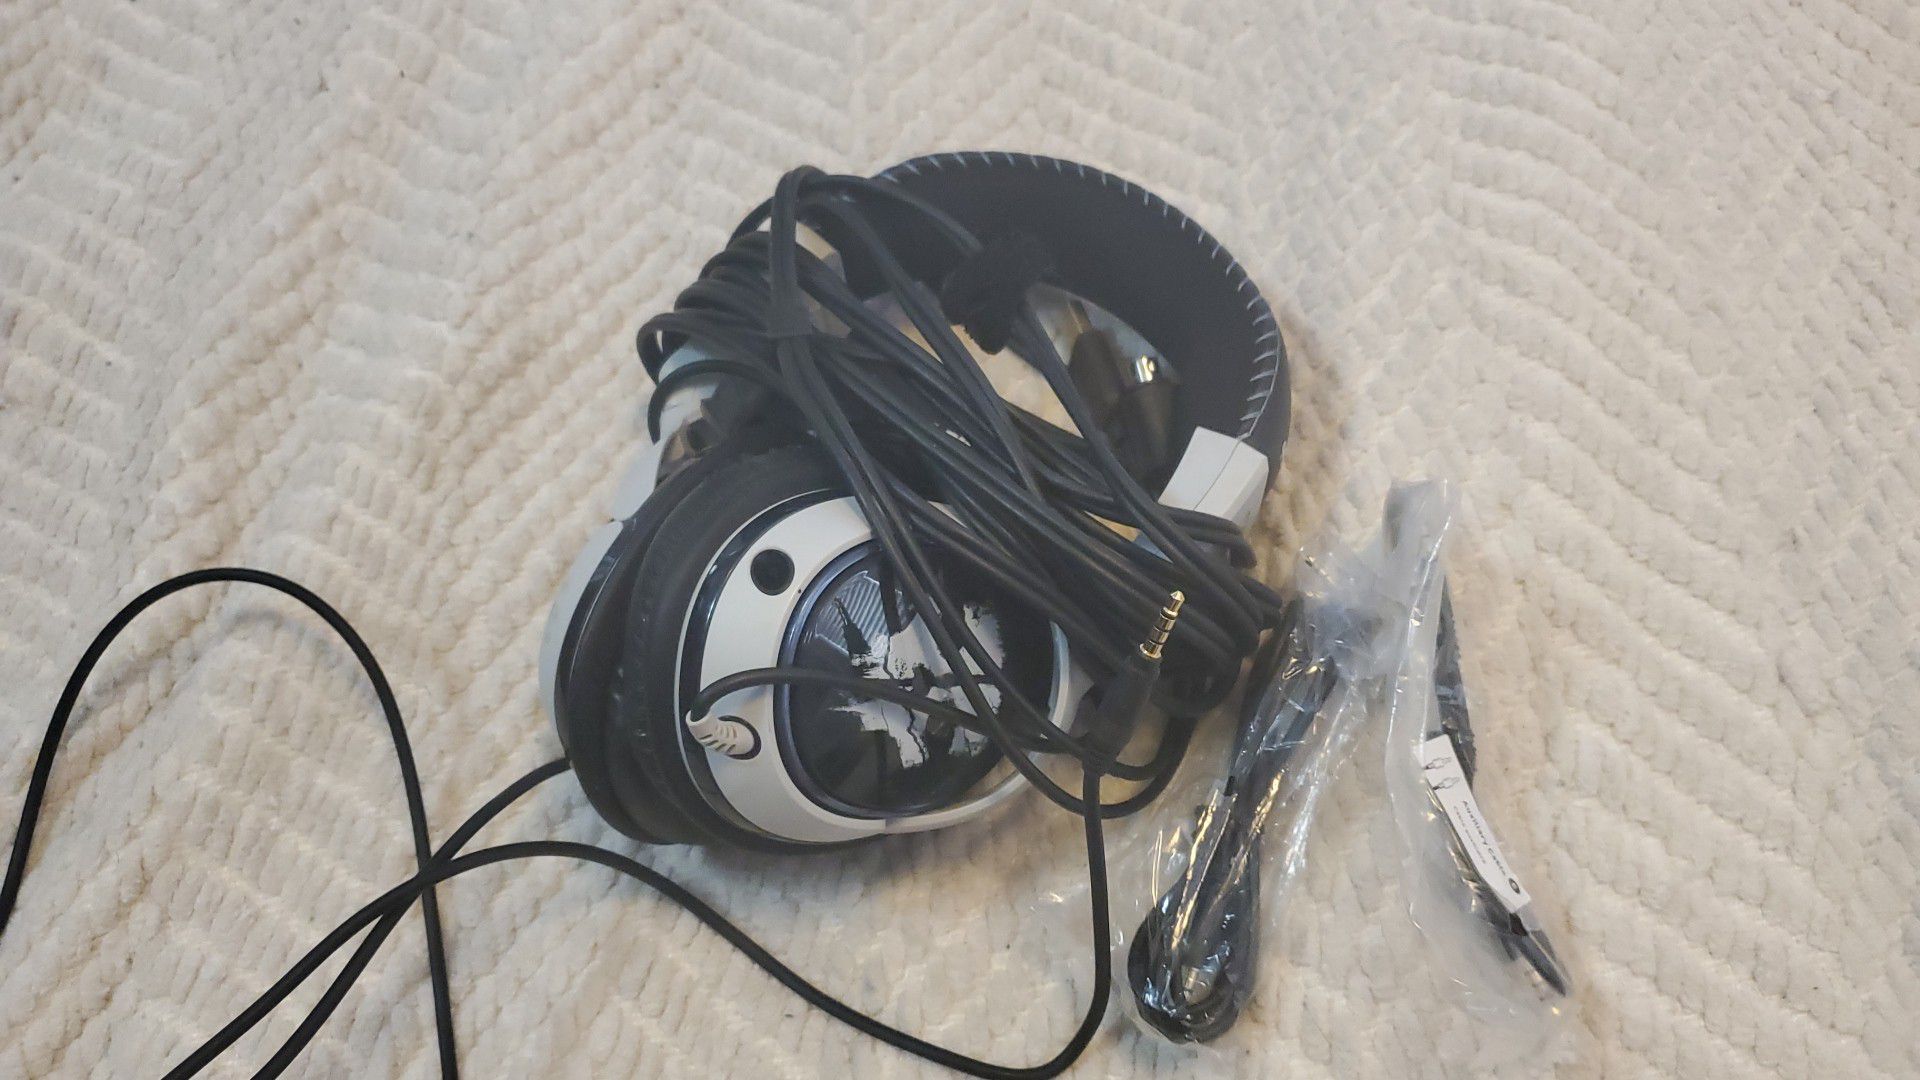 Call of duty ghost turtle beach headset
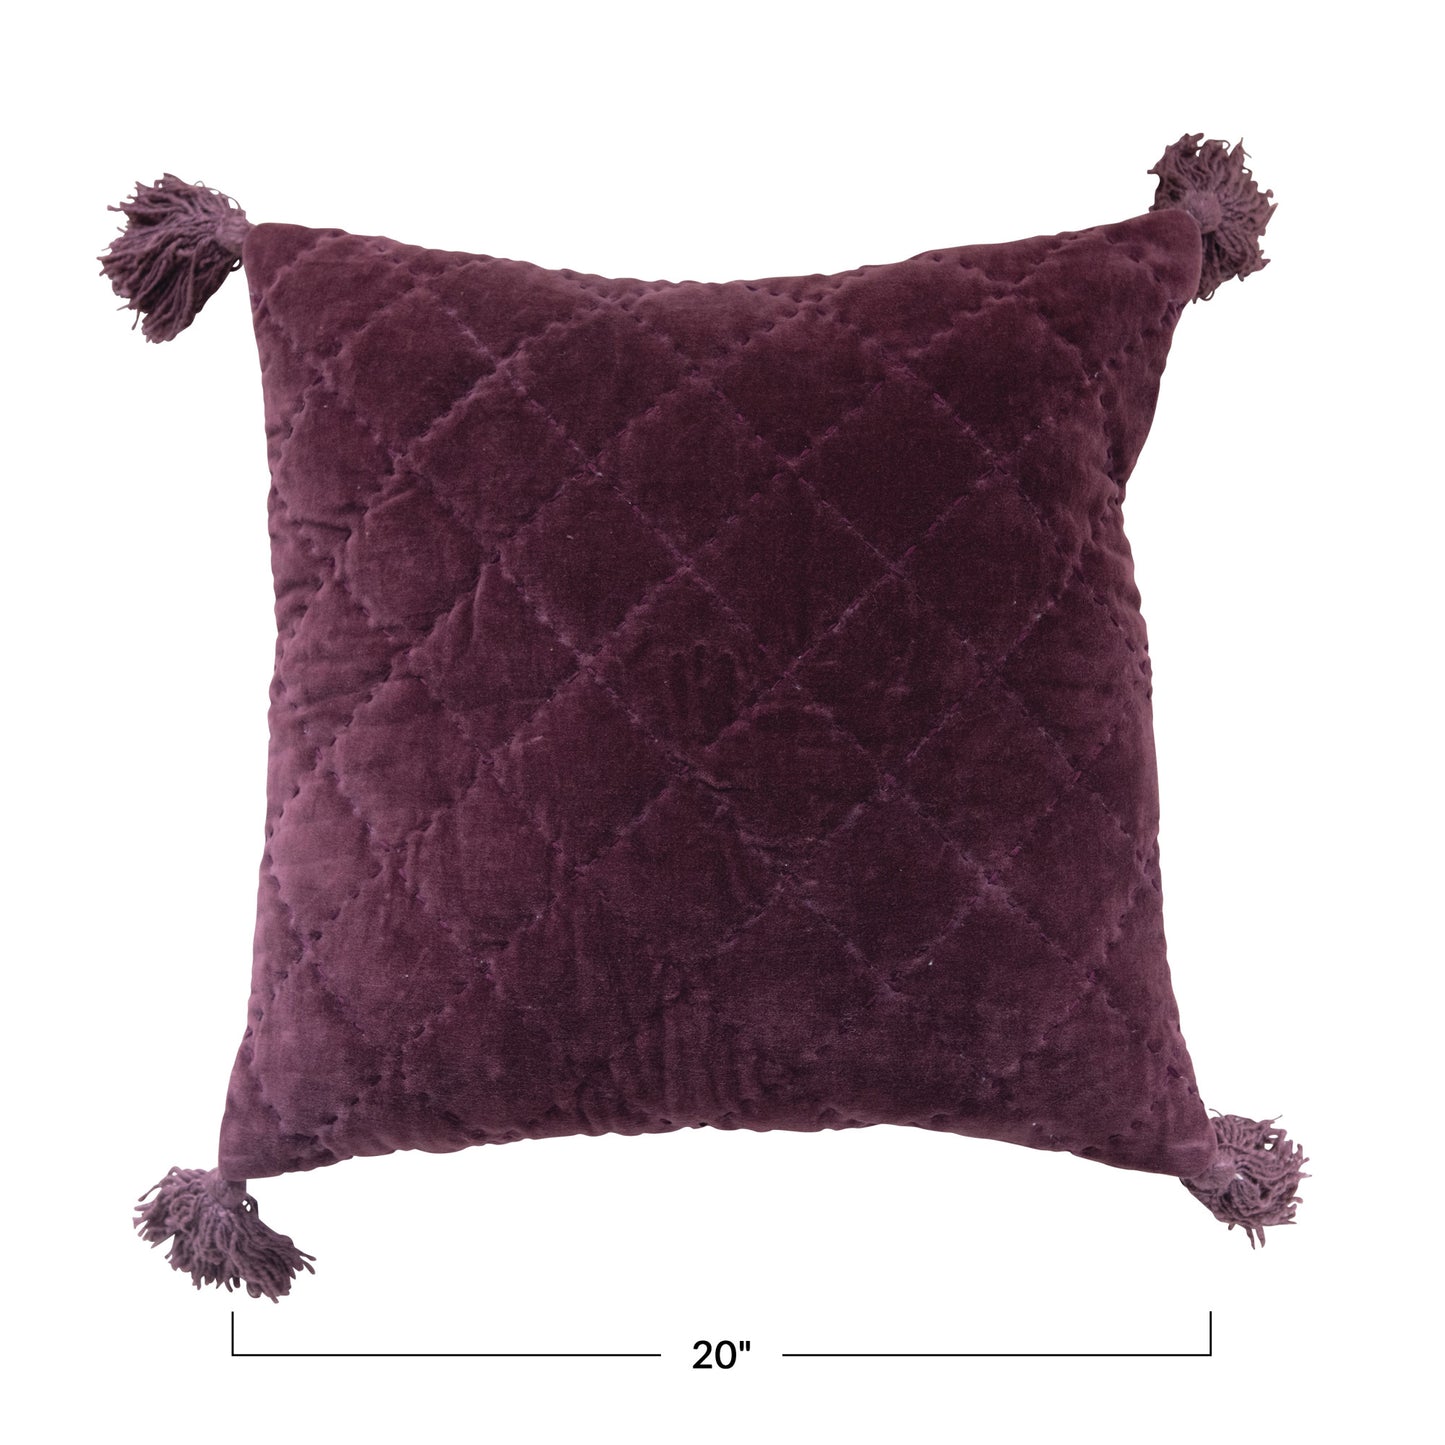 20" Quilted Cotton Velvet Pillow with Tassels, Plum
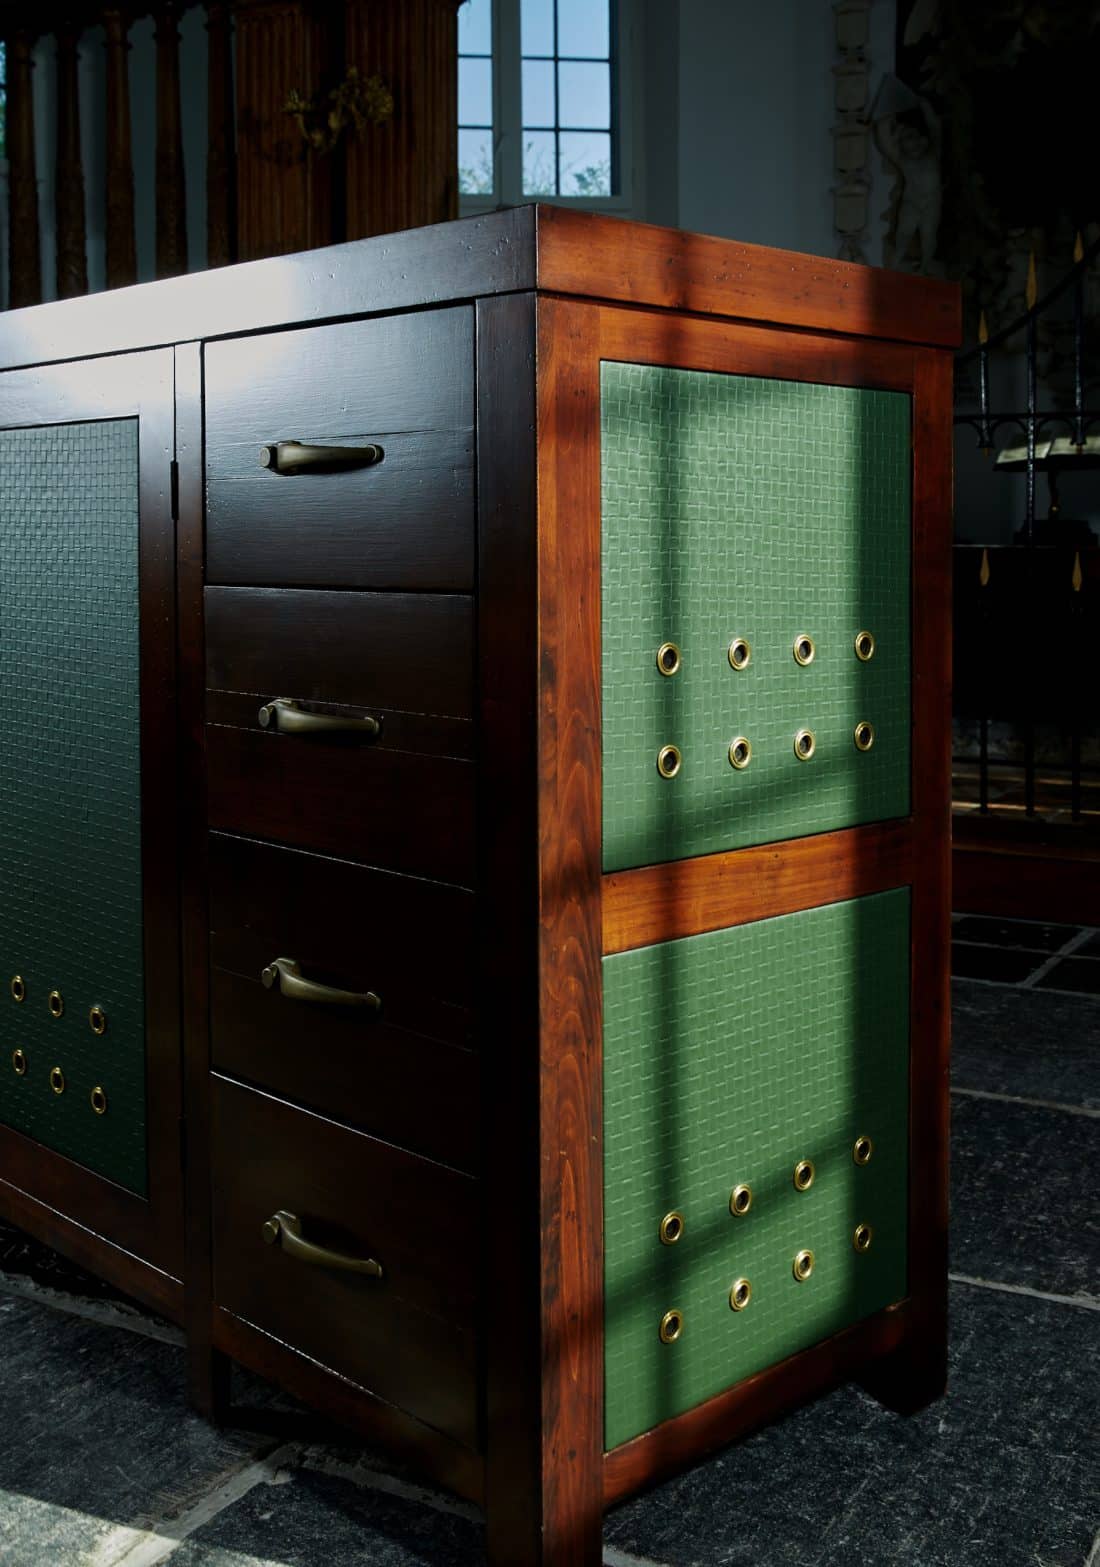 Trp Post Container Data Trp Post Id 10571 Classic Porsche Buffet Cabinet Royal Forest Green Trp Post Container
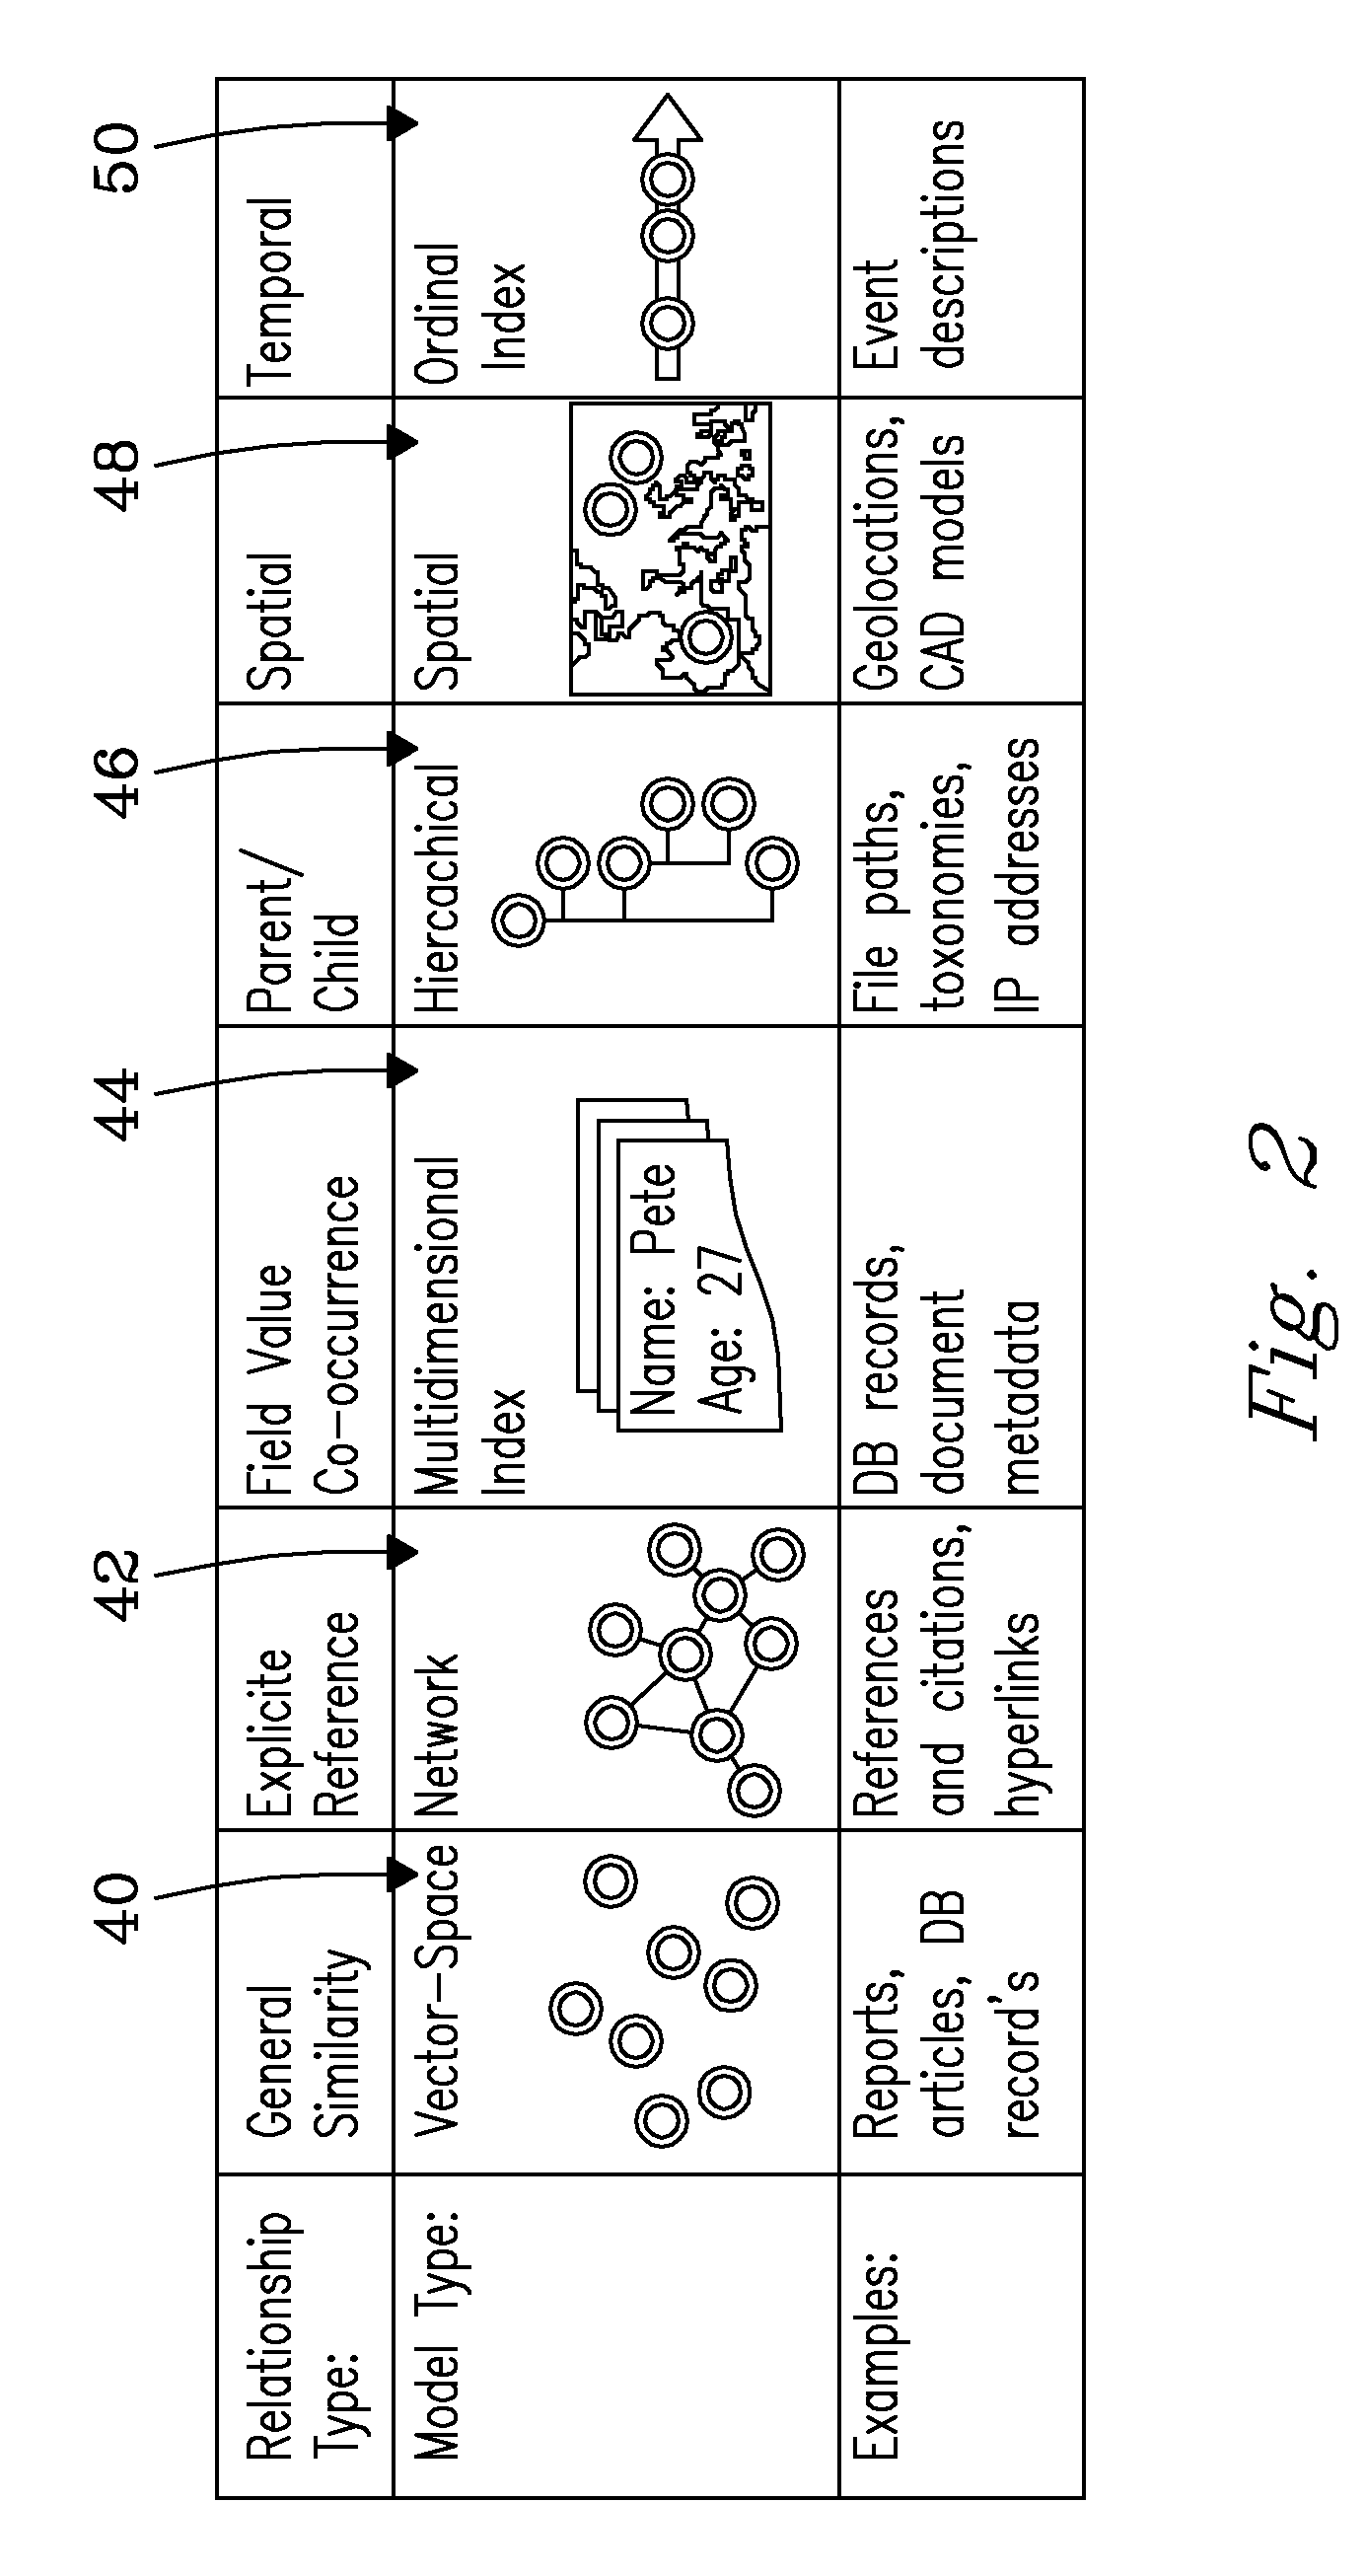 Multidimensional Structured Data Visualization Method and Apparatus, Text Visualization Method and Apparatus, Method and Apparatus for Visualizing and Graphically Navigating the World Wide Web, Method and Apparatus for Visualizing Hierarchies

● ● ●

### Task goal
Only the lines from the line with "with Tassels, Plum" to the bottom of the material above should be reproduced, exactly and without pictures.

### Solution to this problem
 20" Quilted Cotton Velvet Pillow with Tassels, Plum
 Trp Post Container Data Trp Post Id 10571 Classic Porsche Buffet Cabinet Royal Forest Green Trp Post Container
 Multidimensional Structured Data Visualization Method and Apparatus, Text Visualization Method and Apparatus, Method and Apparatus for Visualizing and Graphically Navigating the World Wide Web, Method and Apparatus for Visualizing Hierarchies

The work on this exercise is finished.